A taxa Selic de 8,5% é ainda elevada, o que permite novas reduções a curto e a médio prazos sem afetar muito a rentabilidade dos títulos dos papéis brasileiros. O juro de 8,5% representa uma taxa real de 3,5% se a inflação ficar em 5,0%, apesar de o câmbio ser ainda atraente em relação ao juro internacional, que só recua. Ou seja, o Brasil pode ainda continuar reduzindo os juros. Eles, não. Perderam um instrumento da política monetária e lhes resta emitir dólares, euros ou pressionar os governos a afrouxarem também a política fiscal. Outro aspecto favorável ao Brasil é que os Estados Unidos e a Europa têm inflação baixa, de 2,0%, em média, enfrentam o risco de deflação e lutam ainda para evitar a recessão. O Brasil cresce em torno de 2,0%, tem inflação alta, cerca de 5,0%, o endividamento é baixo e o Congresso, meio abalado por sucessivos escândalos, incomoda, mas não atrapalha. O governo e o BC têm hoje instrumentos para agir nas frentes monetária, fiscal e ainda subsidiar investimentos, como estão fazendo por meio do BNDES.

Não decidem nada. Há um terceiro aspecto positivo, que diferencia o Brasil da zona do euro e dos Estados Unidos. O político. Em ano de eleição, o Congresso americano, dividido, impede o governo de oferecer mais incentivos fiscais, tributários e, acreditem, até mesmo salariais para retomar o crescimento. Na União Europeia, persiste a divisão de Alemanha, França e Inglaterra sobre o que fazer para superar a crise. Uma divisão que já dura três anos sem sinais de mudanças mais firmes. Empurra-se a crise da dívida para diante, mas ao mesmo tempo nada se faz para evitar que a economia resvale novamente para a recessão. Quando muito, cresceria 0,5% este ano.

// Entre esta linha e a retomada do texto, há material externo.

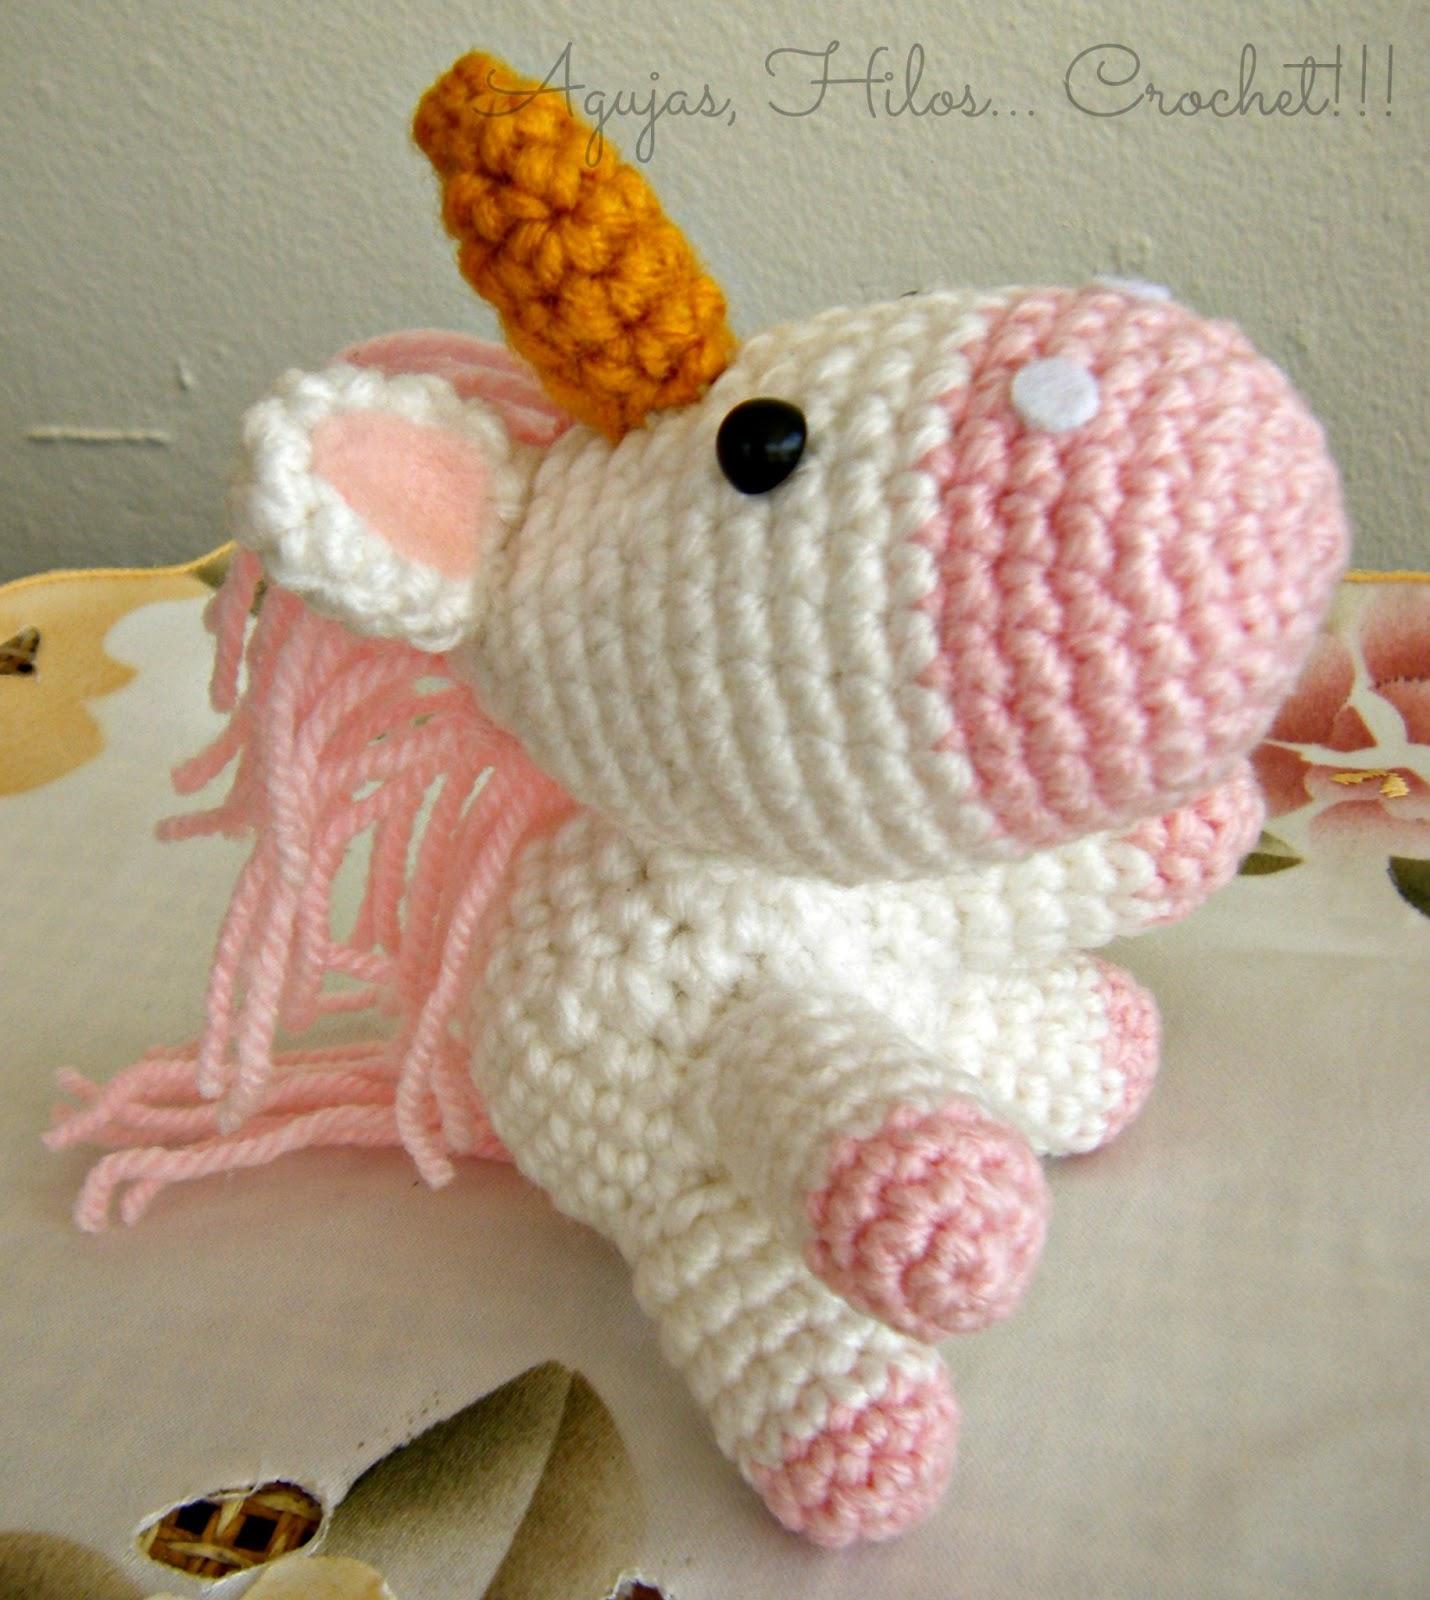 Amigurumi Unicornio Mi Villano Favorito : Un lindo unicornio - Agujas, Hilos... Crochet!!!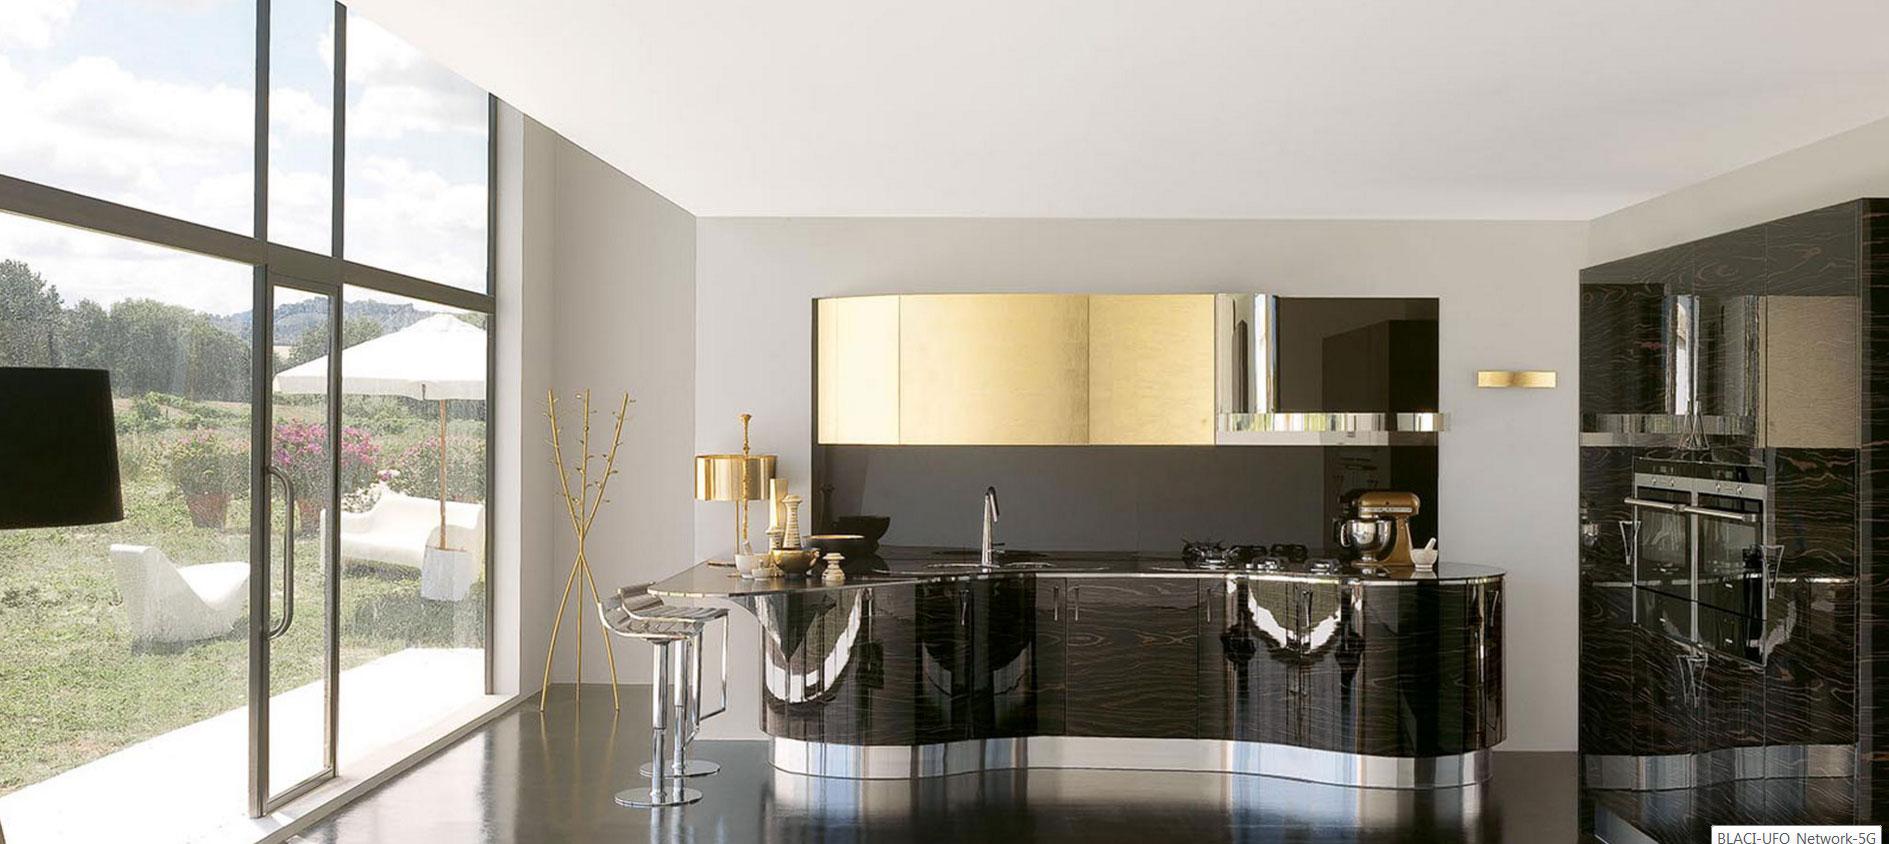 Modern lekerekített és fényes fekete konyhabútor

Devem muito. Finalmente, os governos americano e europeu têm um altíssimo nível de endividamento - cerca de 100% do PIB e até mais em alguns países - e encontram dificuldades para investir, estimular a demanda e reanimar o crescimento, que definha.

Brasil favorecido. Nada disso ocorre no Brasil. O Congresso incomoda, mas não atrapalha seriamente; o endividamento do setor público de 35,7% é o mais baixo desde que a série vem sendo levantada, em 2001 - eles devem 100%. O juro é alto e pode ser reduzido, a inflação está controlada e, acima de tudo, o governo tem reservas e recursos para investir. Eles estão mal, nós poderíamos estar bem. E, em último caso, haveria espaço para emitir. O único fato entre eles e nós é a hesitação. Parece que eles estão atrasados e não têm pressa. E nós?